Directions for this task — The result should hold only the lines from the one with "Panasonic パナソニック ハイビジョン液晶テレビ" through the final line of the data below, transcribed exactly, pictures left out.

*** Dataset excerpt ***

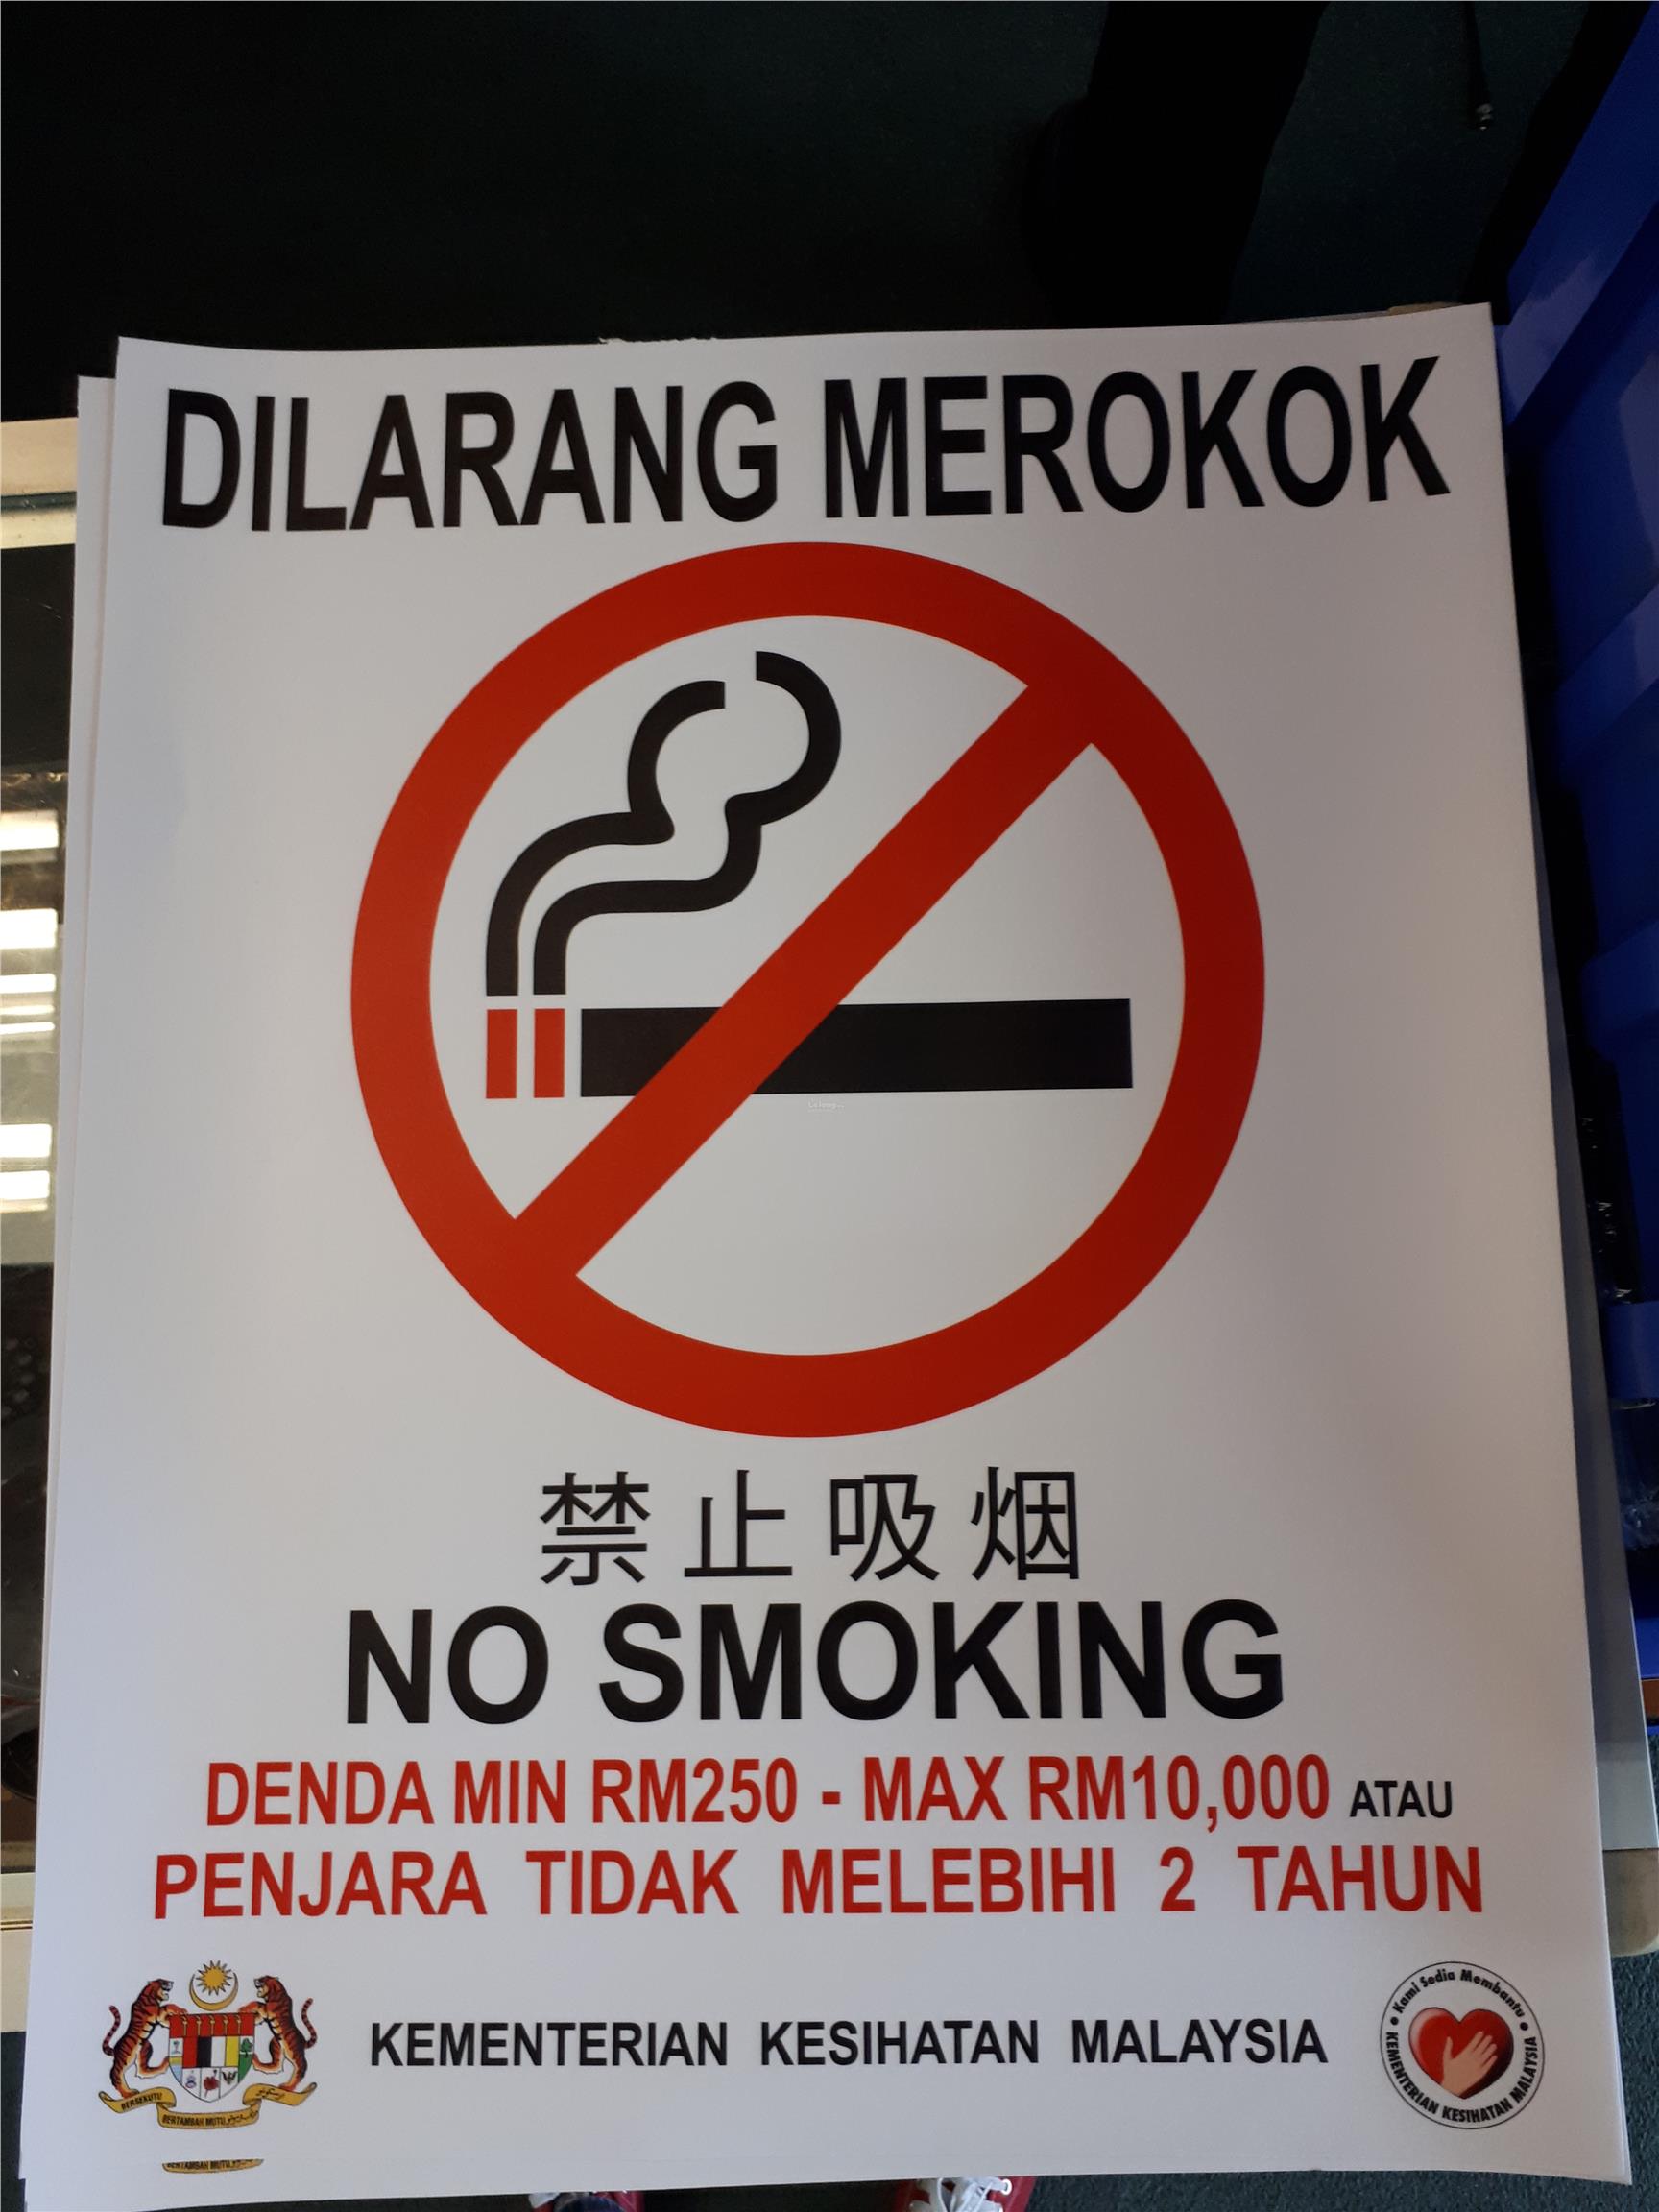  DILARANG MEROKOK  NO SMOKING SIGN S end 1 4 2022 11 15 AM 
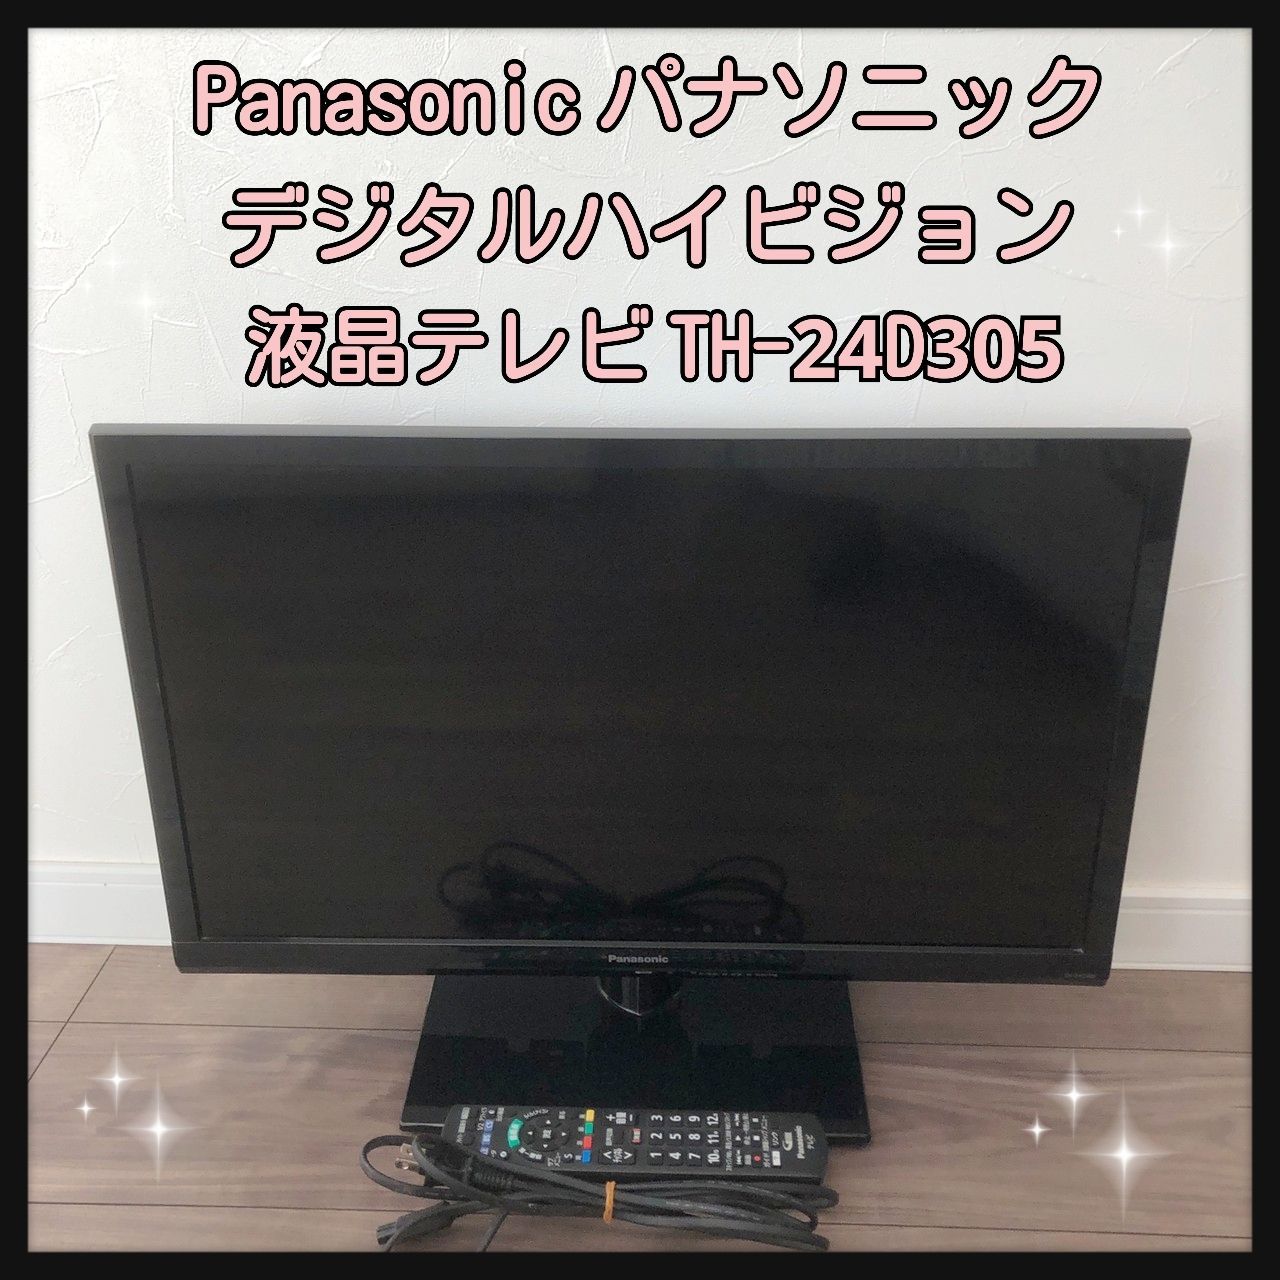 Panasonic パナソニック ハイビジョン液晶テレビ TH-24D305 - メルカリ
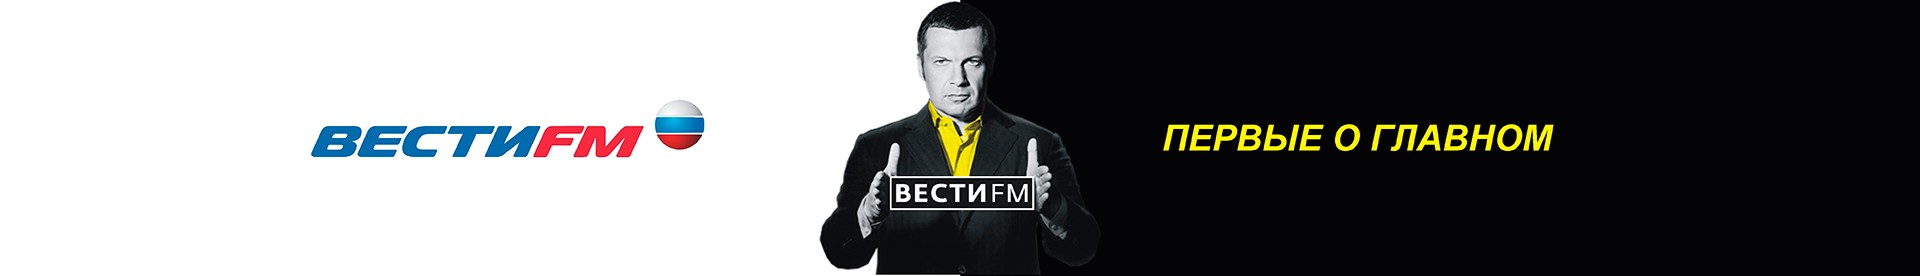 Радио вести 24 фм. Вести ФМ. Вести ФМ Иркутск. Вести ФМ реклама. Радио 92.0 СПБ.

***

Solution to this problem —
 Panasonic パナソニック ハイビジョン液晶テレビ TH-24D305 - メルカリ
 Радио вести 24 фм. Вести ФМ. Вести ФМ Иркутск. Вести ФМ реклама. Радио 92.0 СПБ.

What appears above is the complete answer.